--- START ---

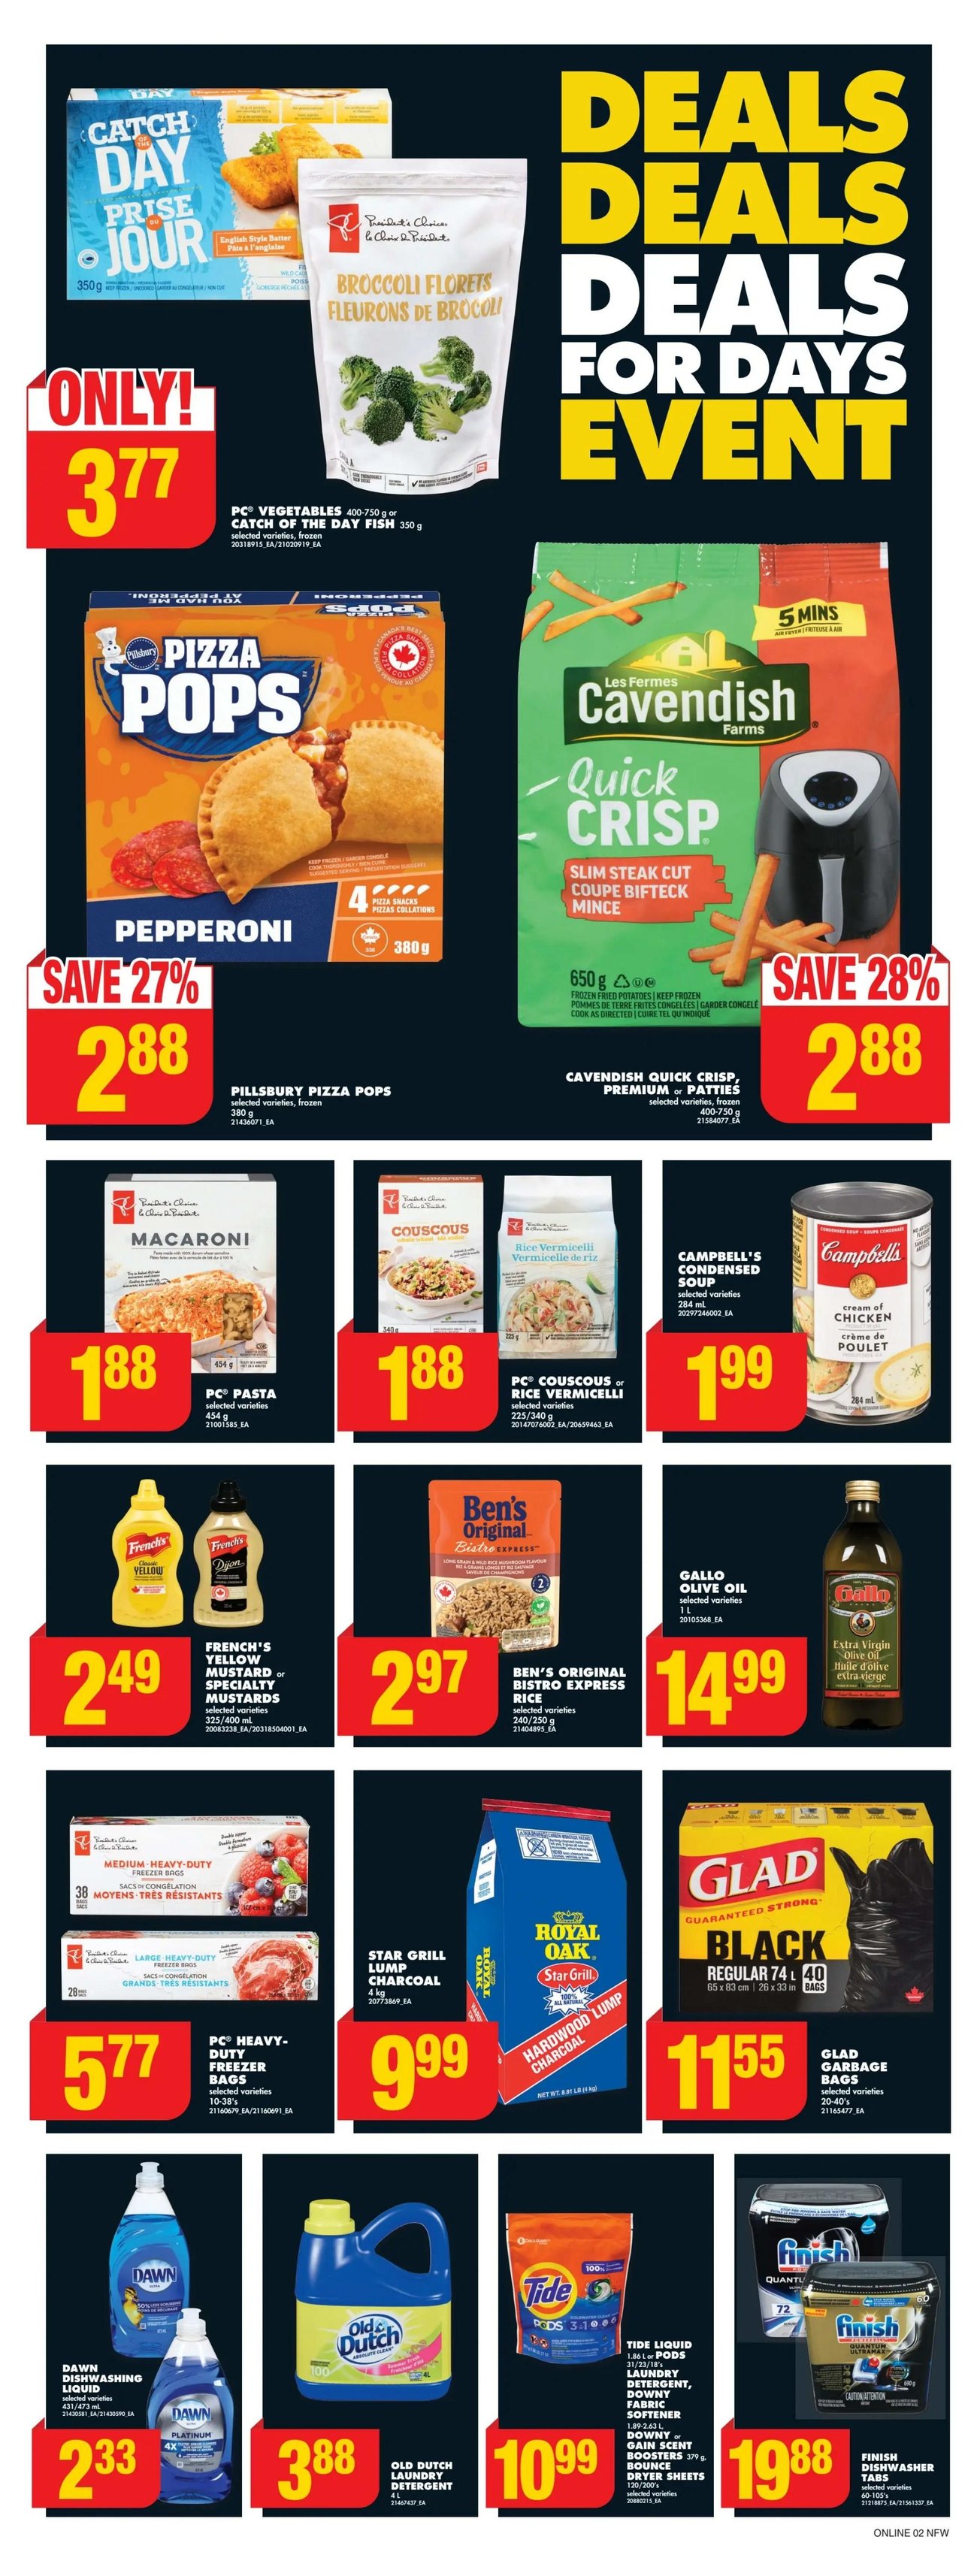 No Frills (Western Canada, Northern Ontario) - Weekly Flyer Specials - Page 8
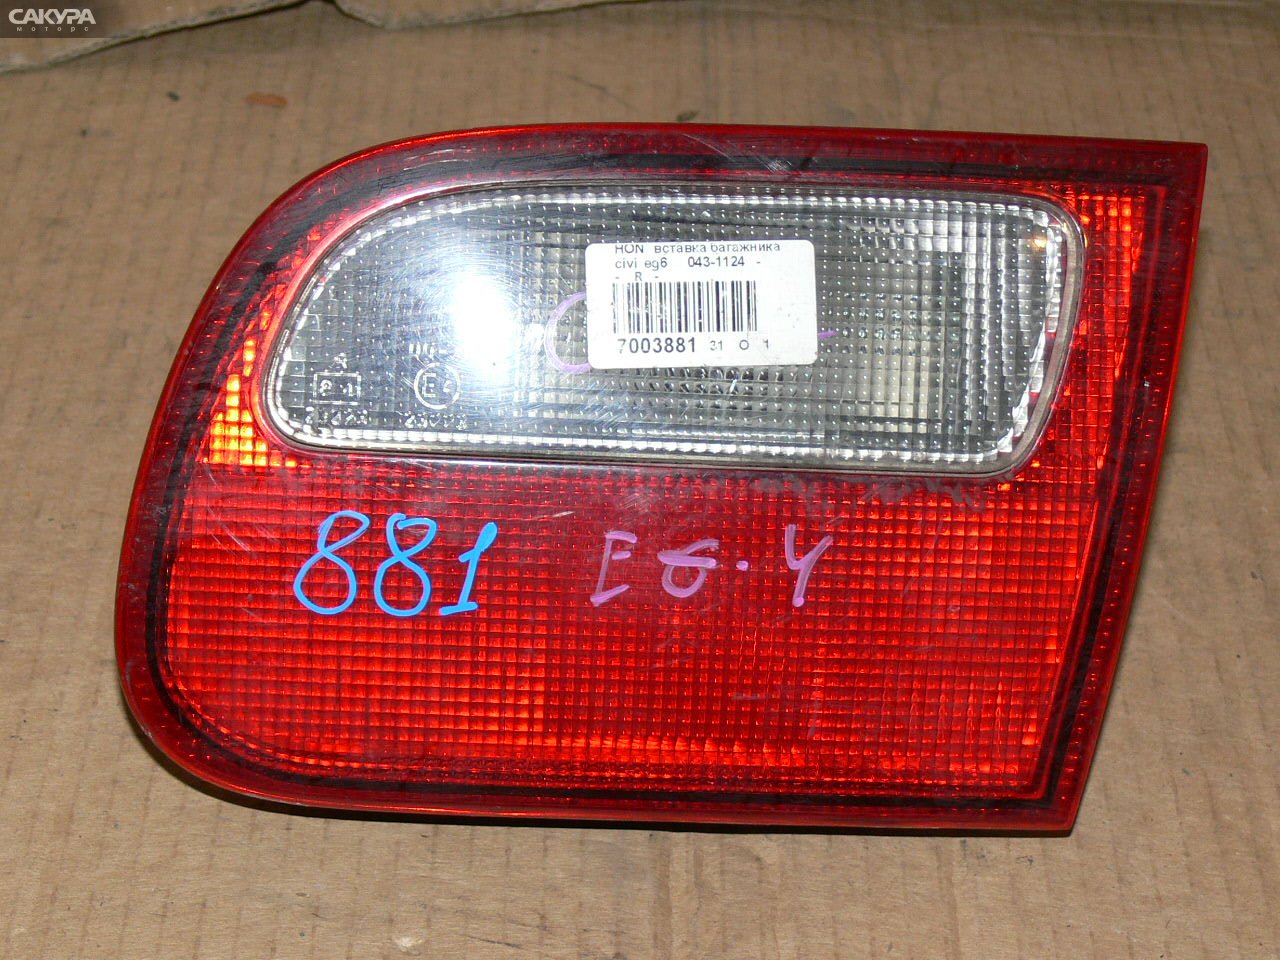 Фонарь вставка багажника правый Honda Civic EG6 043-1124: купить в Сакура Иркутск.
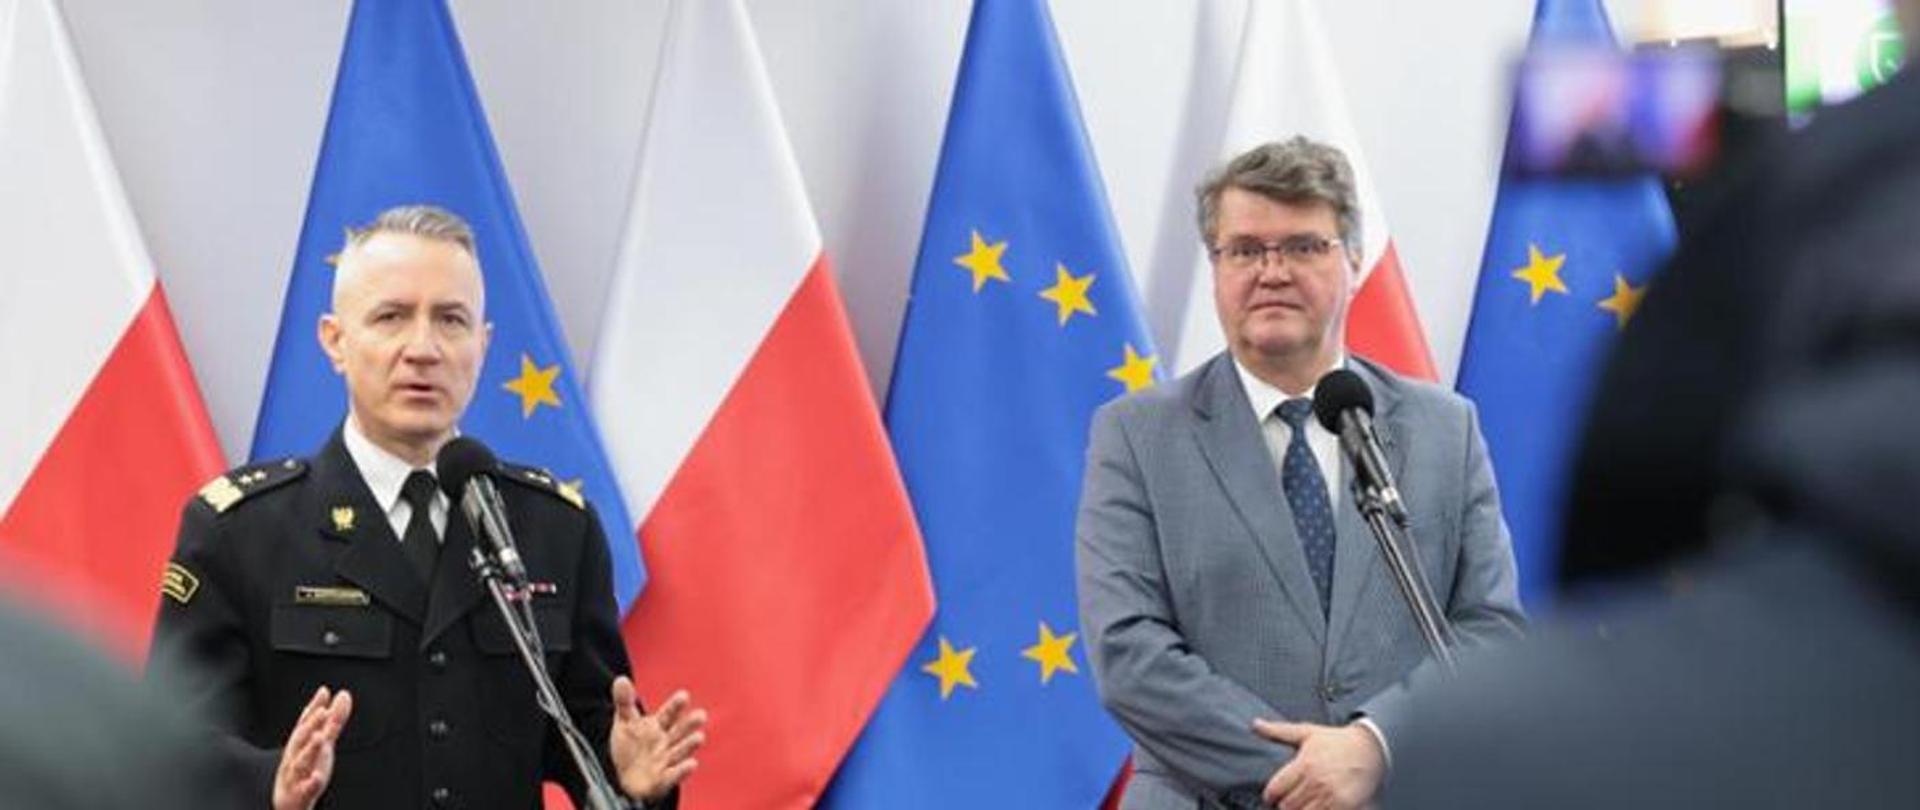 Na zdjęciu widać stojących obok siebie przed mikrofonami wiceministra Macieja Wąsika oraz gen. brygadiera Andrzeja Bartkowiaka komendanta głównego PSP. W tle flagi Polski oraz UE

--- END ---

INSTRUCTIONS TO FOLLOW
Give the data above again, exactly, with every picture removed.

SOLUTION FOR THIS TASK
 No Frills (Western Canada, Northern Ontario) - Weekly Flyer Specials - Page 8
 Фонарь вставка багажника правый Honda Civic EG6 043-1124: купить в Сакура Иркутск.
 Na zdjęciu widać stojących obok siebie przed mikrofonami wiceministra Macieja Wąsika oraz gen. brygadiera Andrzeja Bartkowiaka komendanta głównego PSP. W tle flagi Polski oraz UE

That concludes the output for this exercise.